Claudius the God
Page 46
The most recent celebration under the Republic was in the six hundred and seventh year from the foundation of the City, and the only celebration that had taken place since then was Augustus’s in the seven hundred and thirty-sixth year. The year of Augustus’s celebration could not be justified as marking the hundredth or hundred-and-tenth year from the previous celebration, nor as marking the death of the last man who had taken part in it; nor could it be understood as a date arrived at by calculation from Publicola’s time, reckoning in 100 or 110 year terms. Augustus, or rather the Board of Fifteen, his religious advisers, were reckoning from a supposed first celebration of the Games in the ninety-seventh year from the foundation of the City. I admit that in my history of his religious reforms I had accepted this date as the correct one, but only because to criticize him on this important point would have got me into serious trouble with my grandmother Livia. The fact was (not to go into the matter in detail) that his reckoning was incorrect even if the first celebration had taken place when he said it did, which was not so. I reckoned forward from Publicola’s festival in natural cycles of 110 years (for this clearly was what a cycle meant to Publicola himself) until I reached the six hundred and ninetieth year from the foundation of the City. That was when the last celebration A.D. 46 should have really taken place, and then not again until the eight hundredth year, the date which we have just reached in this story, namely, the seventh year of my own monarchy.
Now, each cycle has a certain fatal character, which is given it by the events of the inaugurating year. The first year of the previous cycle had been marked by the birth of Augustus, the death of Mithridates the Great, Pompey’s victory over the Phoenicians and his capture of Jerusalem, Catiline’s unsuccessful attempt at a popular revolution, and Caesar’s assumption of the office of High Pontiff. Is it necessary for me to point out the significance of each of these events? that for the next cycle our arms were destined to be successful abroad, and the Empire to be greatly extended, popular liberty to be suppressed, and the Caesars to be the mouthpieces of the Gods? Now it was my intention to expiate the sins and crimes of this old cycle, and inaugurate a new one with solemn sacrifices. For it was in this year that I counted on completing my work of reform. I would then hand the government of a now prosperous and well-organized nation back to the Senate and People, from whom it had so long been withheld.

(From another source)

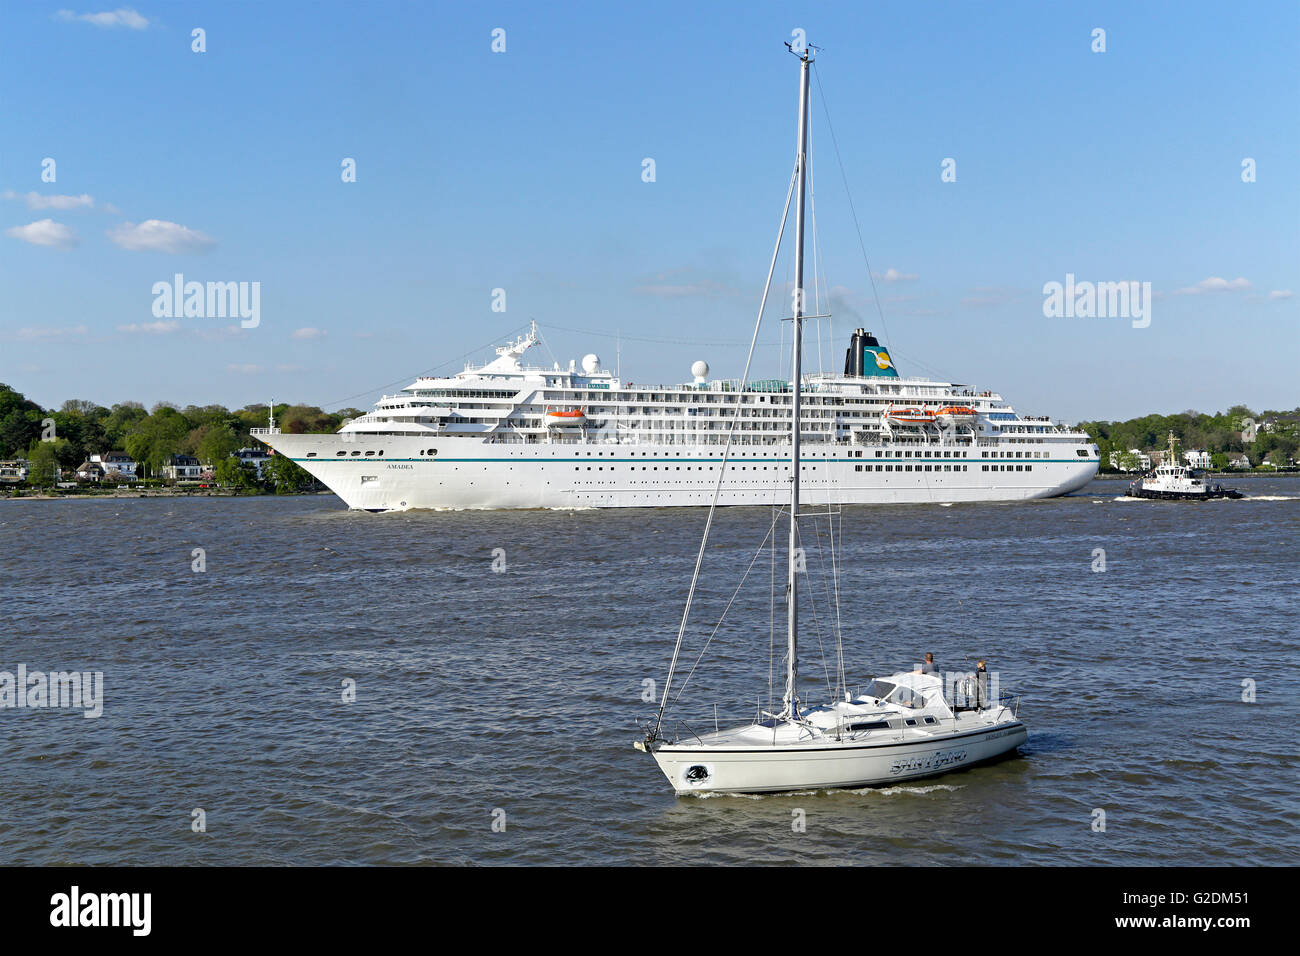 Cruise Ship Amadea Harbour Birthday Hamburg Germany Stock - Cruise ship amadea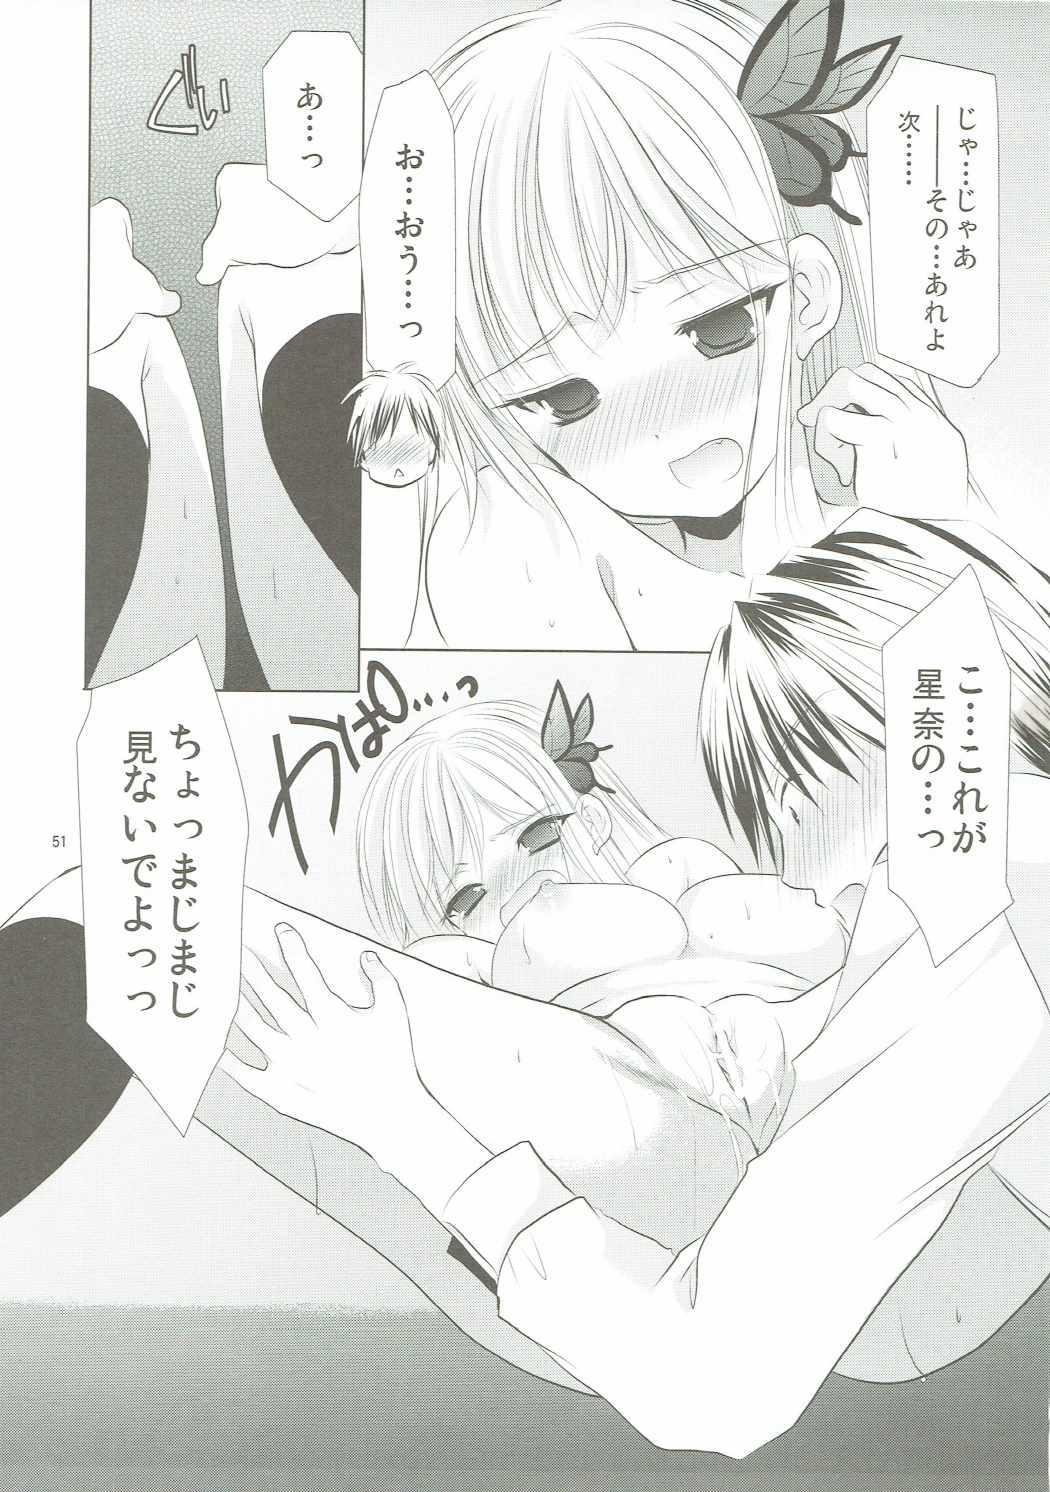 ANIME COLLECTION Imomuya Honpo - Singleton Anime Soushuuhen 49

I had thought the whole plan out in detail. It was clear that government by the Senate under Consuls elected annually had great disadvantages: the single-year term was not long enough. And the Army did not wish to have its Commander-in-Chief constantly changed. My plan, briefly, was to make a free gift to the nation of the Privy Purse, except so much of it as was needed to support me as a private citizen, and the Imperial lands, including Egypt, and to introduce a law providing for a change of government every fifth year. The ex-Consuls of the previous five-year period together with certain representatives of the People and of the Knights would form a cabinet to advise and assist one of their number, chosen by religious lot and known as the Consul-in-Chief, in the government of the country. Each member of the cabinet would be responsible to the Consul-in-Chief for a department corresponding with the departments that I had been building up under my freedmen, or for the government of one of the frontier provinces. The Consuls of the year would act as a link between the Consul-in-Chief and the Senate, and would perform their usual duties as appeal judges; the Protectors of the People would act as a link between the Consul-in-Chief and the People. The Consuls would be elected from the Senatorial order by popular election, and in national emergencies recourse would be had to a plebiscite. I had thought out a number of ingenious safeguards for this constitution and congratulated myself that it was a workable one: my freedmen would remain as permanent officials in charge of the clerical staff, and the new government would benefit by their advice. Thus the redeeming features of monarchical government would be retained without prejudice to republican liberty. And to keep the Army contented I would embody in the new constitution a measure providing for a bounty of money to be paid every five years, proportionate to the success of our arms abroad and to the increase of wealth at home. The governorships of home provinces would be distributed between knights who had risen to high command in the Army, and senators.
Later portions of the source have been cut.